China can ride on the back of previous innovation. Britain did it the really hard way, but was among the first. America takes that and moves it a few steps further, which doing so faster and cheaper. Now, more than one hundred years later, partially due to China's destructive war time and the following thirty-five year sleep, China is bursting into a brave new technologically advanced world with buckets full of fresh resources and is able to start up faster and cheaper than all which have preceeded.
So, looking at it from this perspective, I would guess we want the middle class and China's cities to continue steaming ahead. Their innovation and development will make it all the easier for the rest of the country. At least, this idea seems to stand to reason, though things do not always function by our logic.
What I really wonder when we ask questions like the solution to the income gap, is if we are not missing the more fundamental questions. Is the income gap a problem that can be fixed? Is it just a natural occurance of the way the world works?

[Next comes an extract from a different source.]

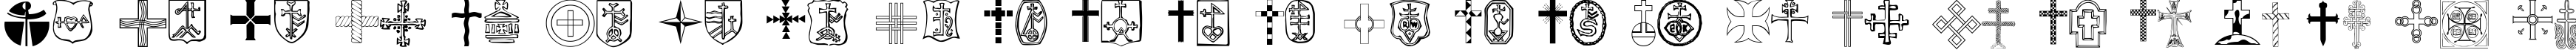 Пример написания английского алфавита шрифтом Christian Crosses IV
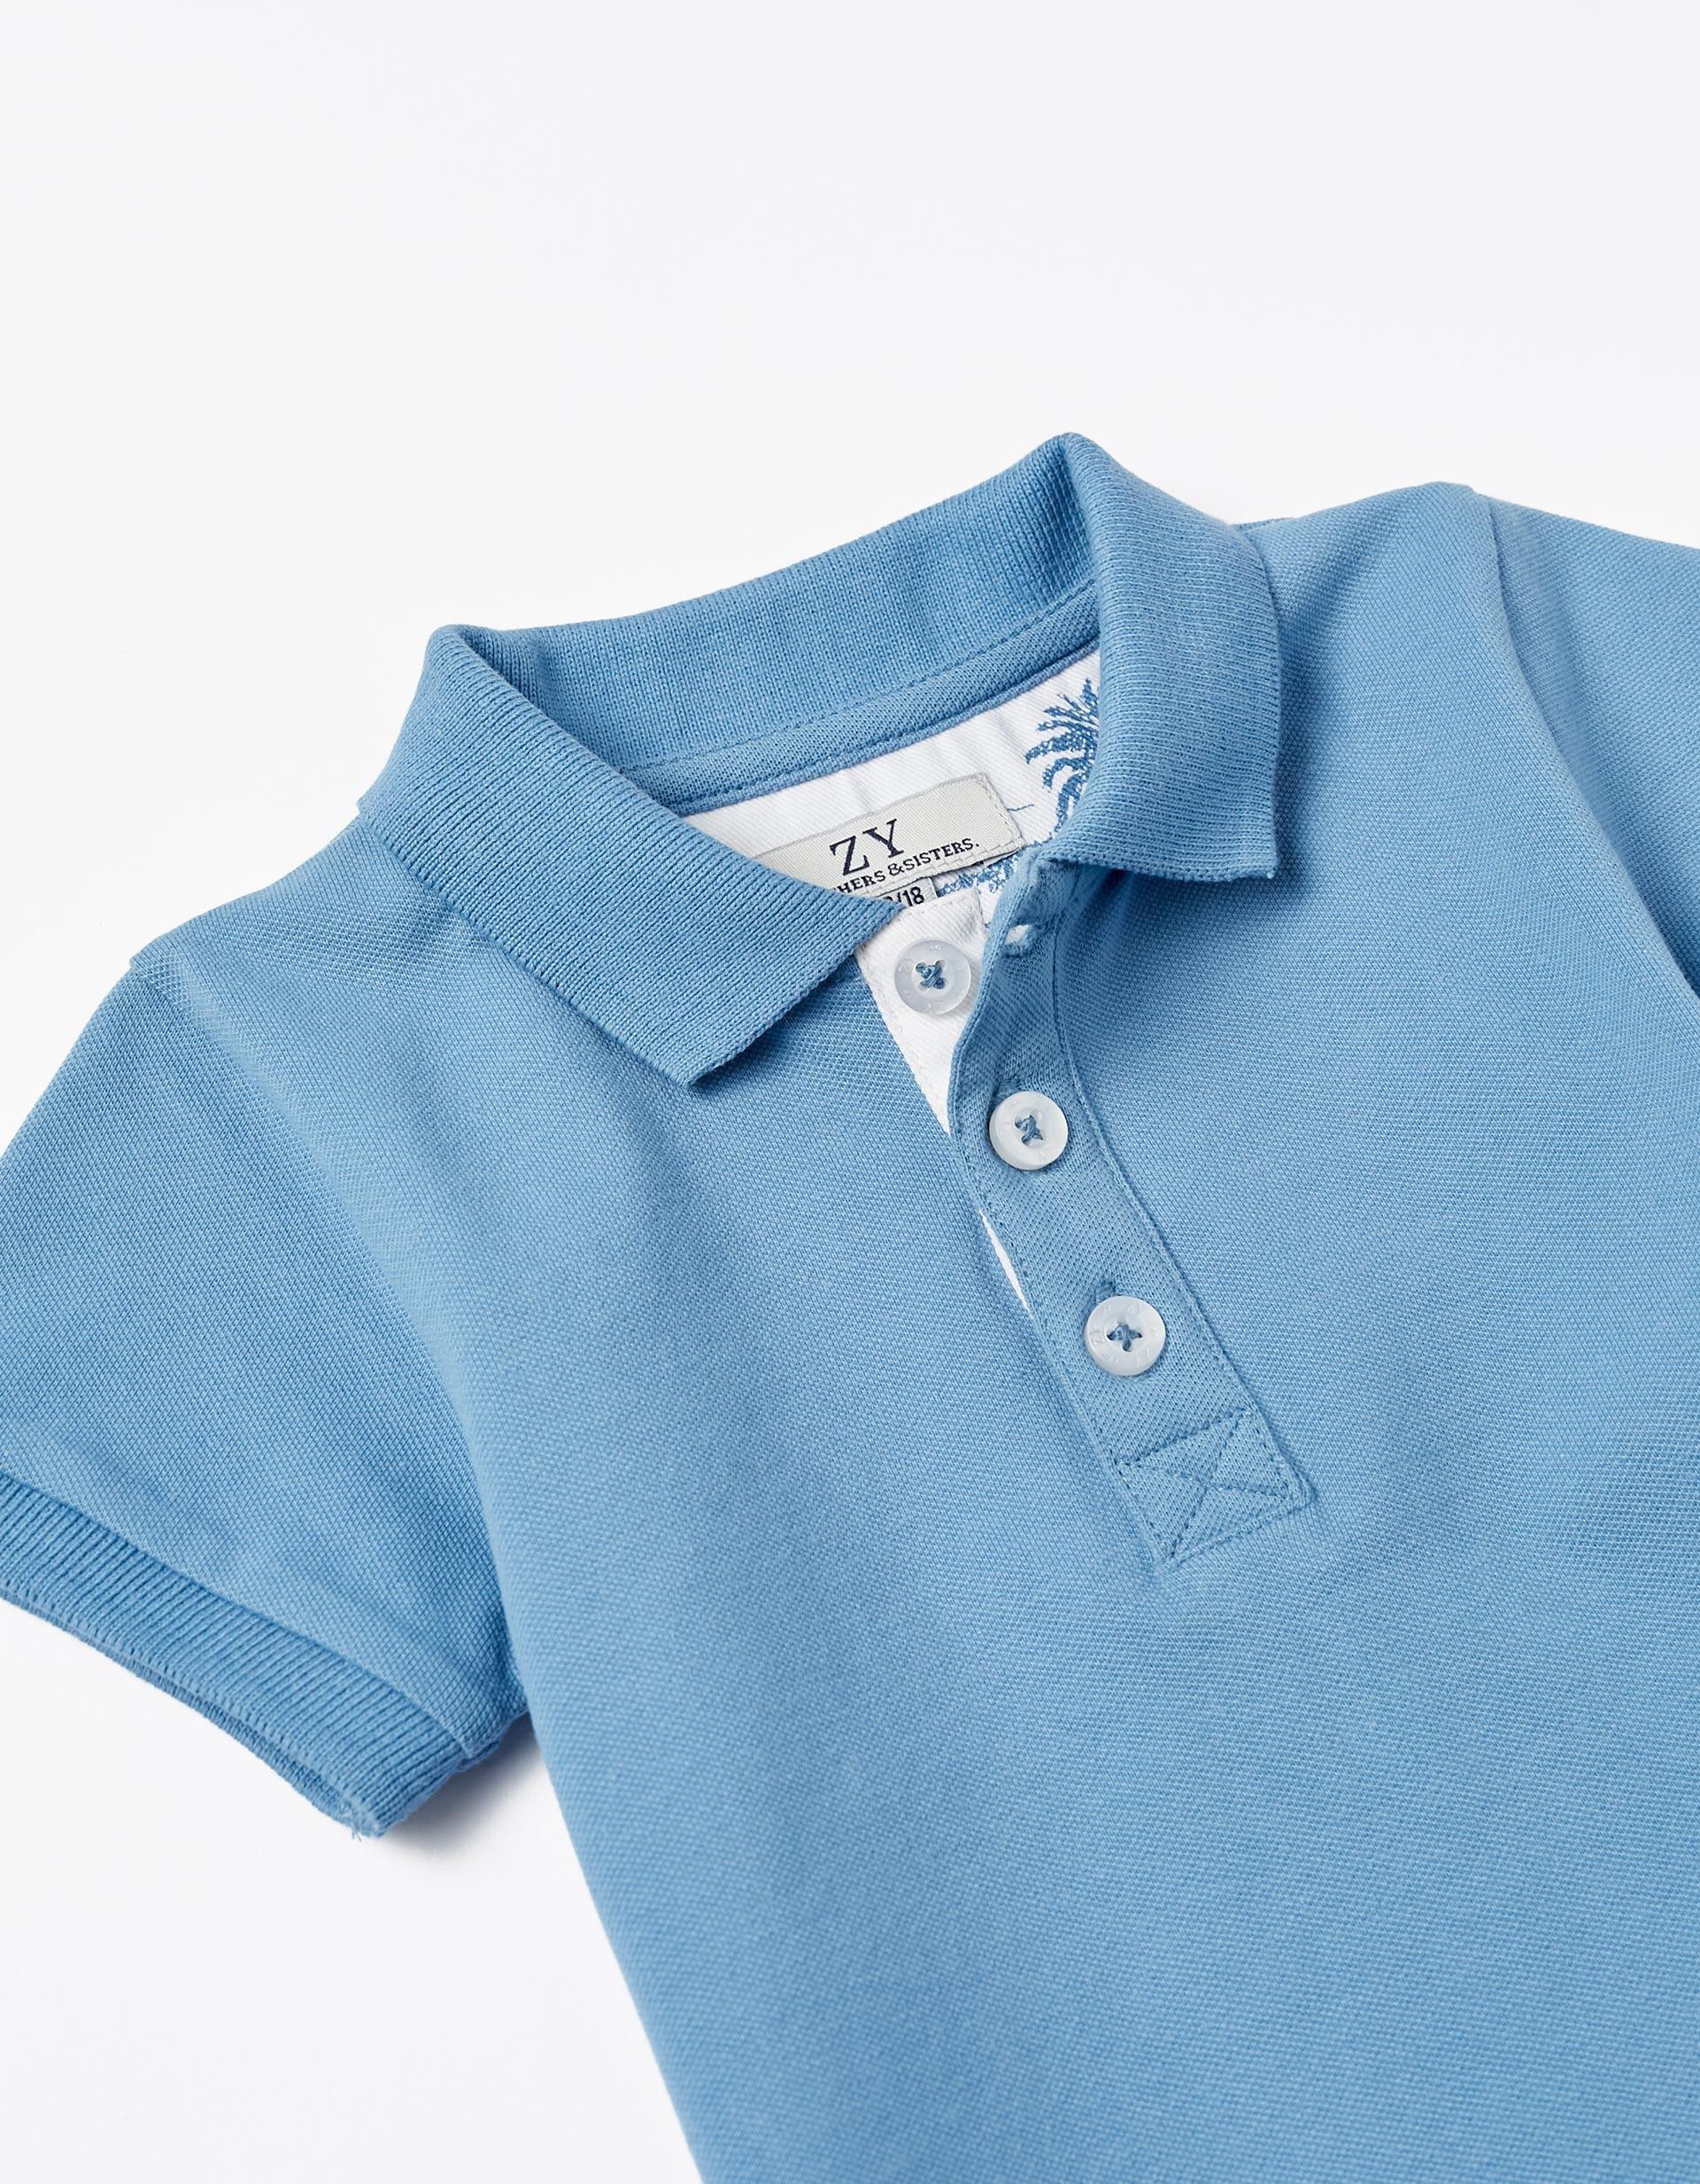 Gant - Blue Polo Neck Shirt, Baby Boys

I would say yes. Yes, but.
I think there is no doubt that there is a need for the development of China's less developed regions. I just do not think looking at it in terms of closing the gap of income level is really worth the effort.
Maybe that is all talk coming from a small town boy. Living in small towns in Oklahoma and Texas may not provide the same possibilities of America's East Coast, but everything costs less too. There is a balance to be made. I think a part of that balance is asking the right questions.